Work item =
From the records below, print only the part that opens with the line containing "NetEase held its" and closes with the line containing "Cheesecake And Blueberries Stock Photo"; omit the pictures.

Material provided =
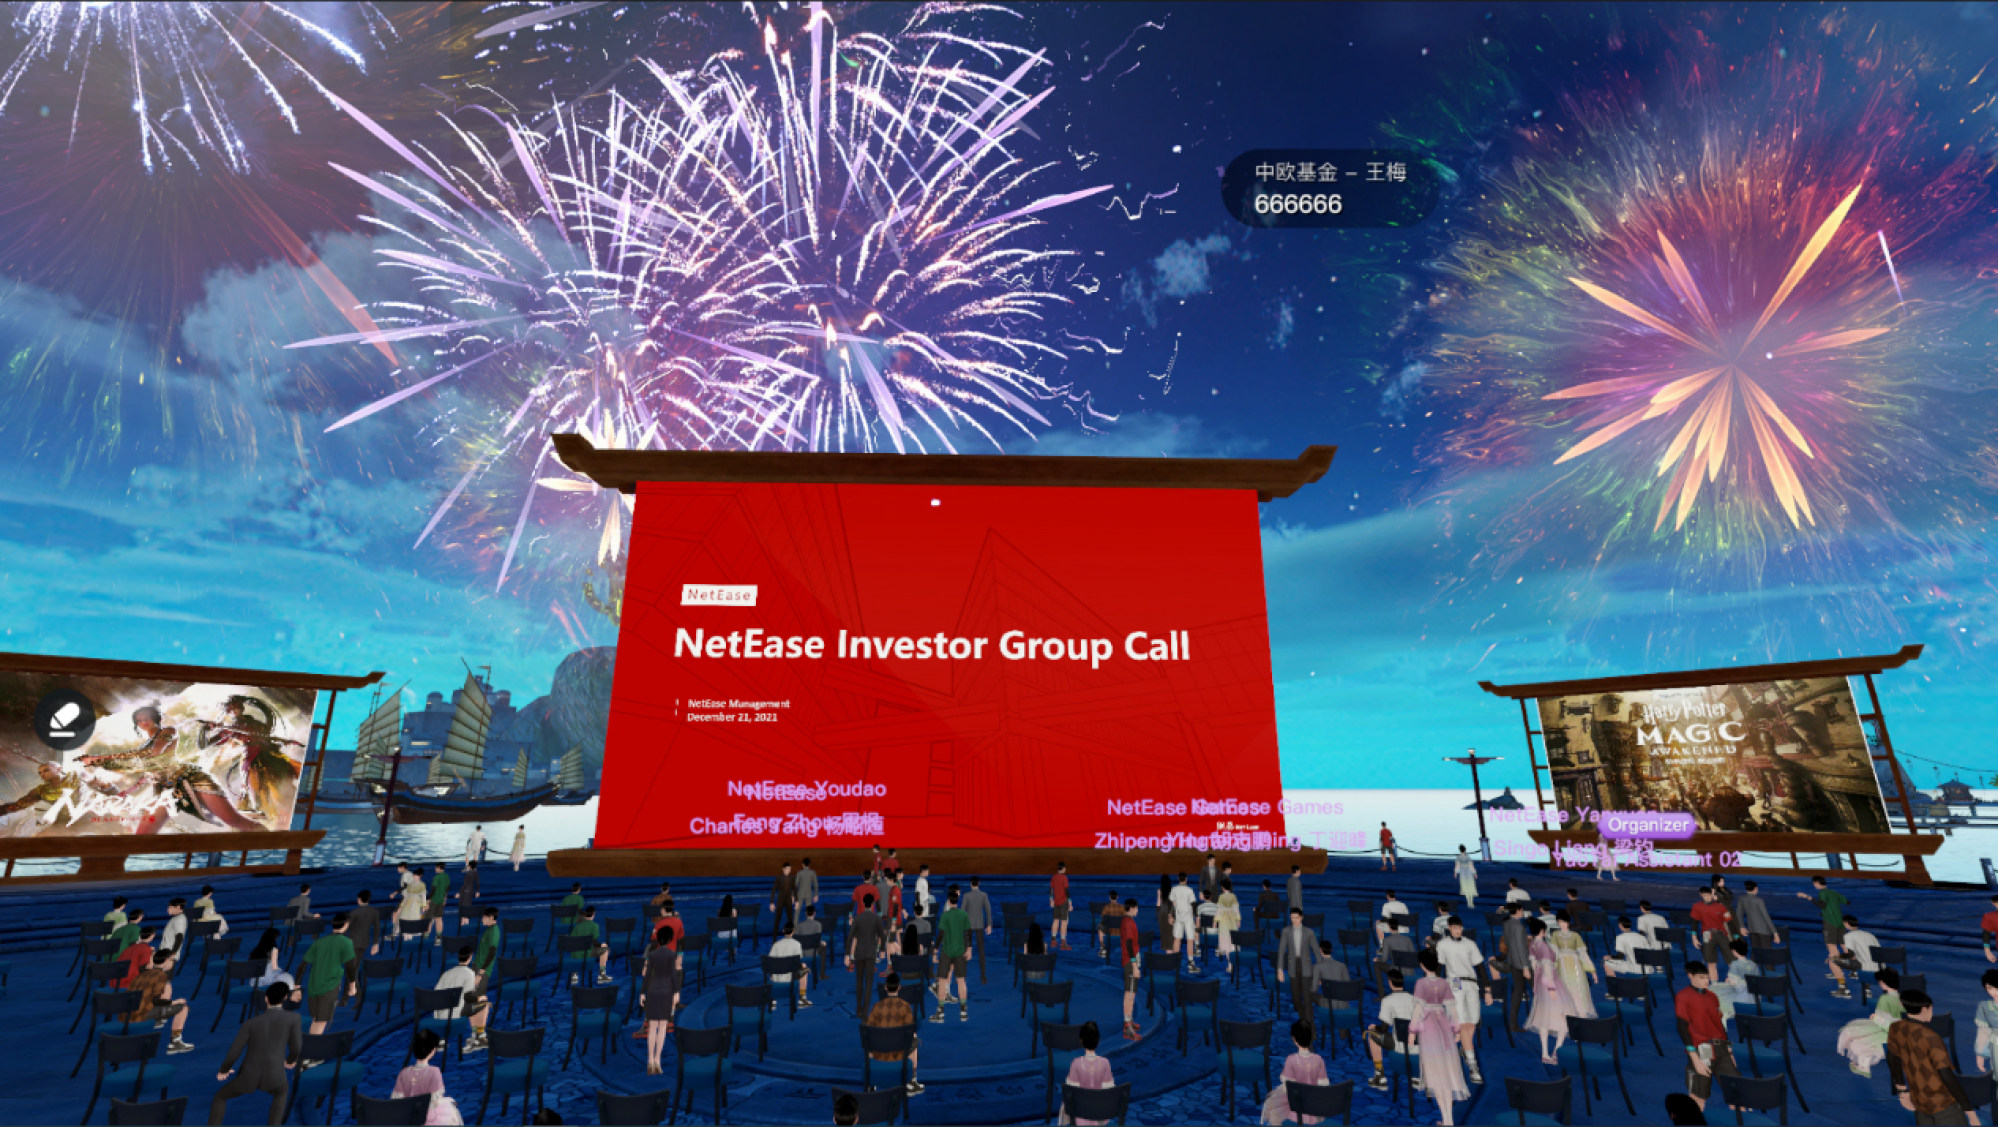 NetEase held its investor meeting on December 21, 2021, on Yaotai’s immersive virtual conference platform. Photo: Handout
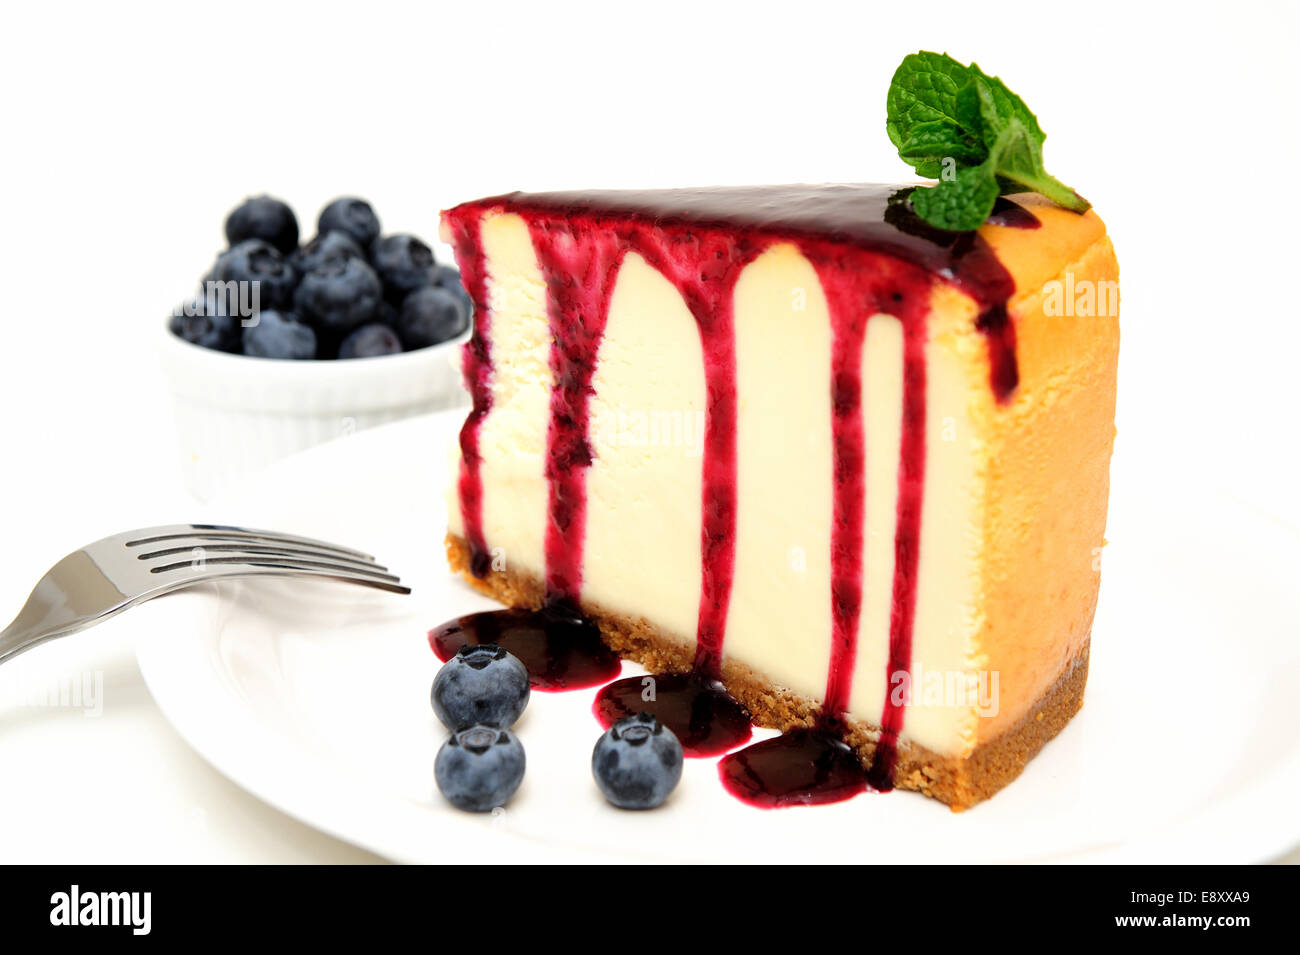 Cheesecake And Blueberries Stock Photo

---

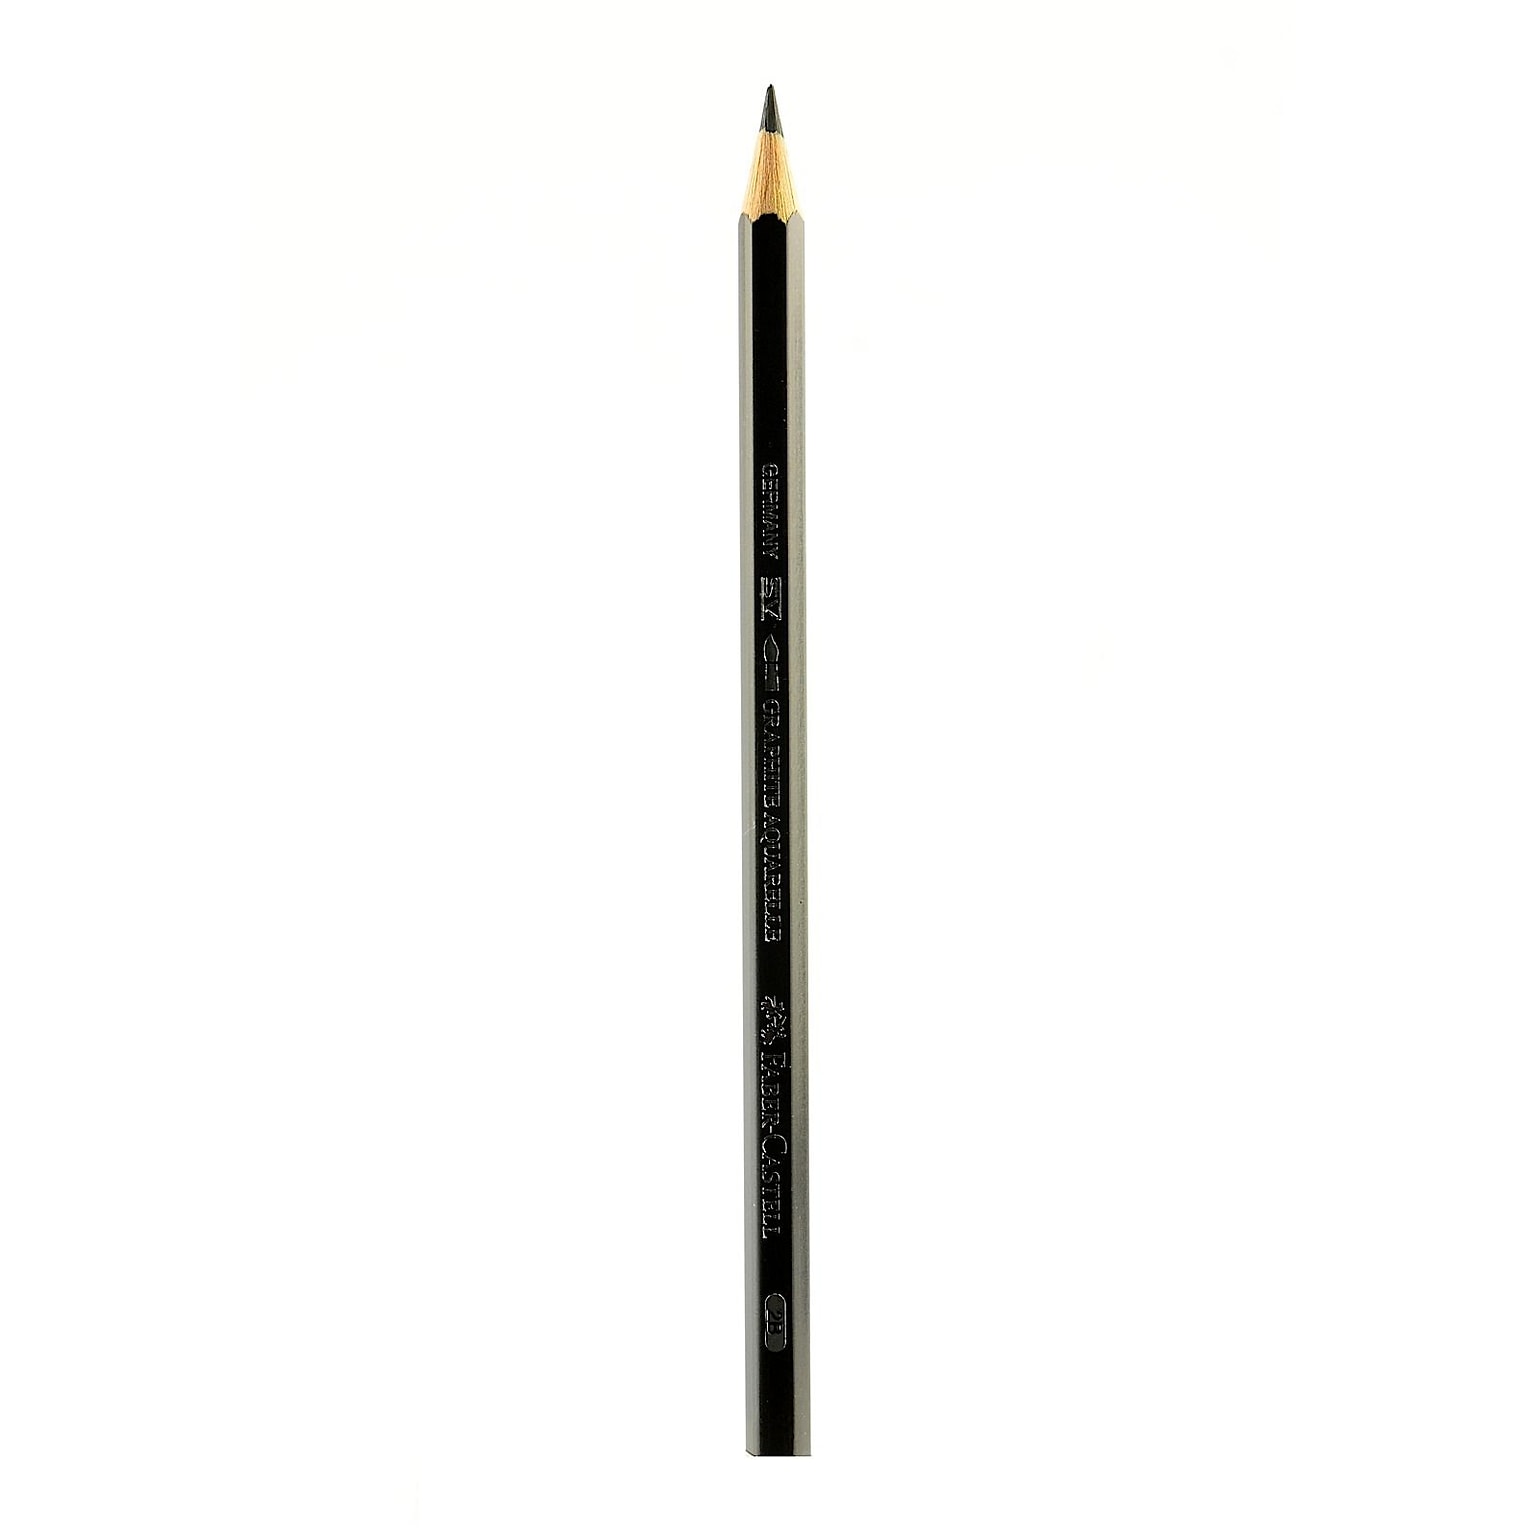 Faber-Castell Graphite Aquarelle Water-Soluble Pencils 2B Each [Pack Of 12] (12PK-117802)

---

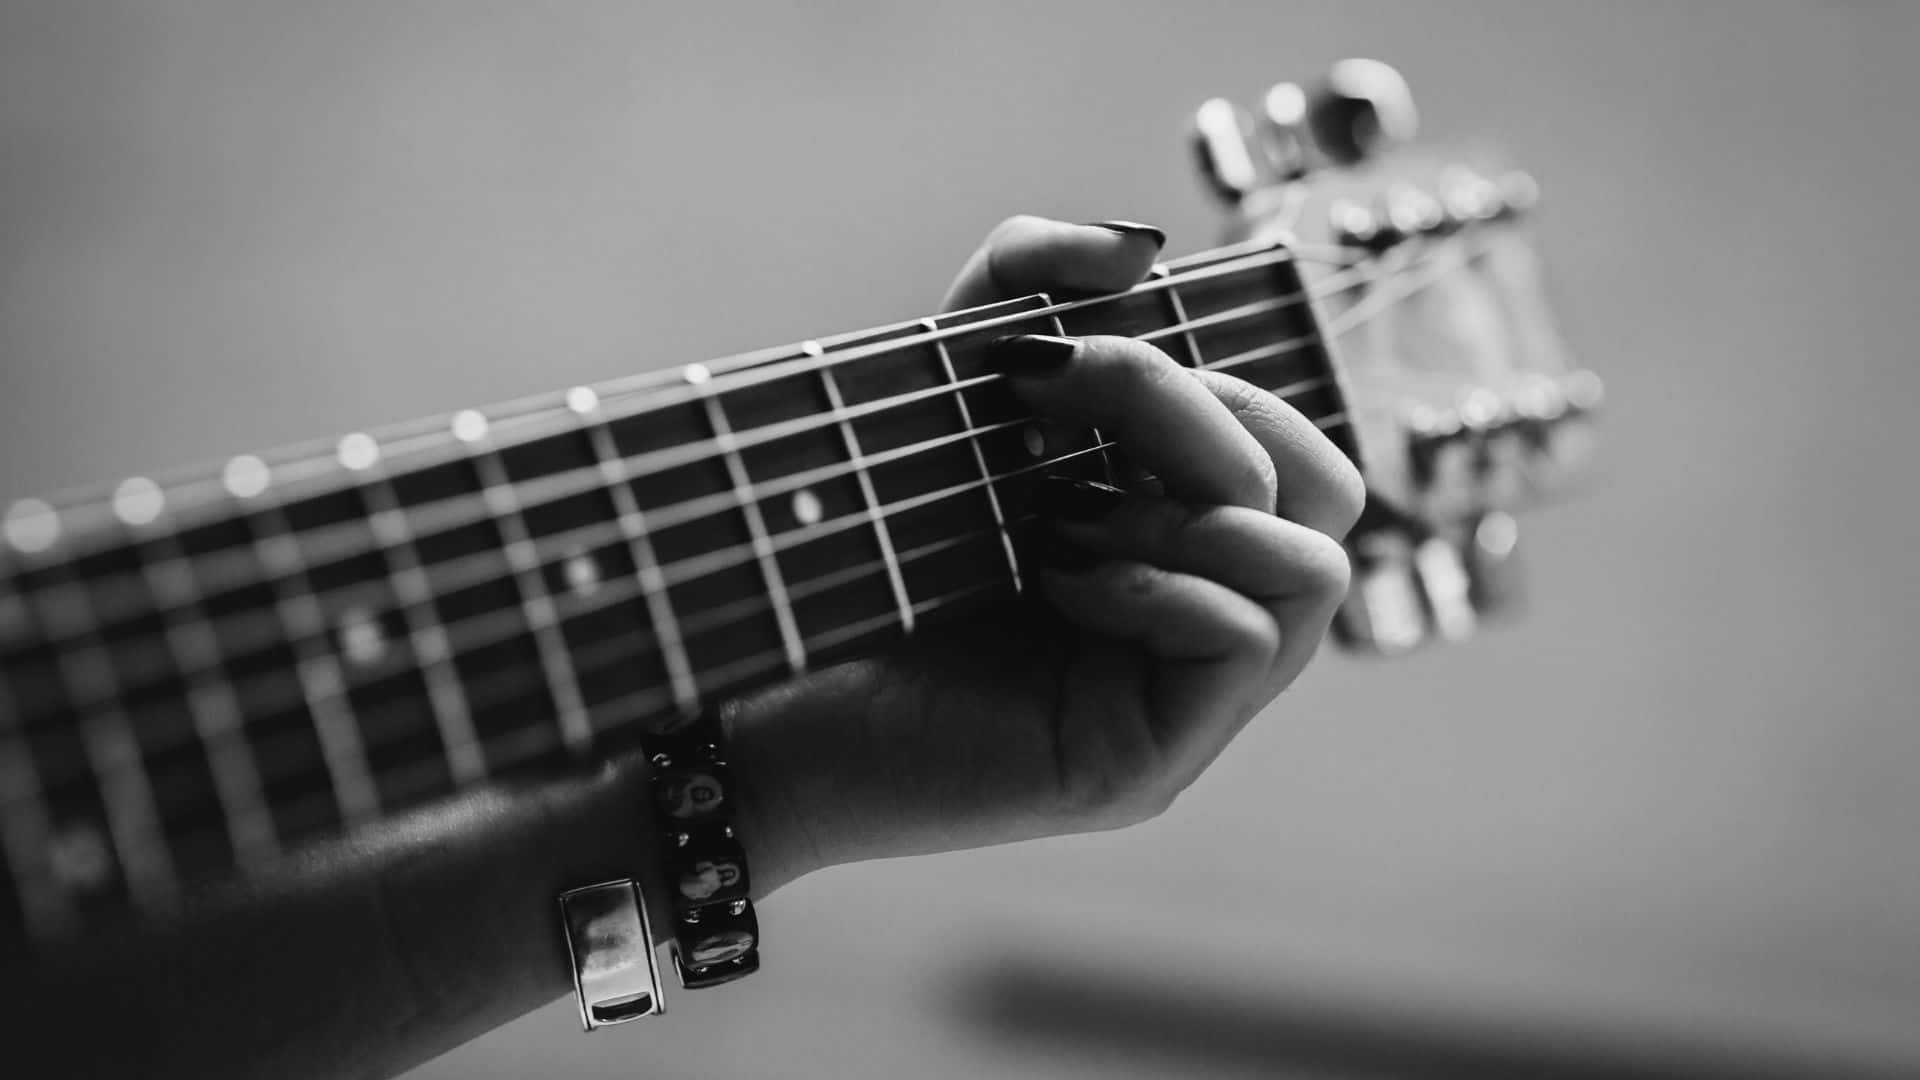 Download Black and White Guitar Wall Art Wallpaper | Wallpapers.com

Finished task =
 NetEase held its investor meeting on December 21, 2021, on Yaotai’s immersive virtual conference platform. Photo: Handout
 Cheesecake And Blueberries Stock Photo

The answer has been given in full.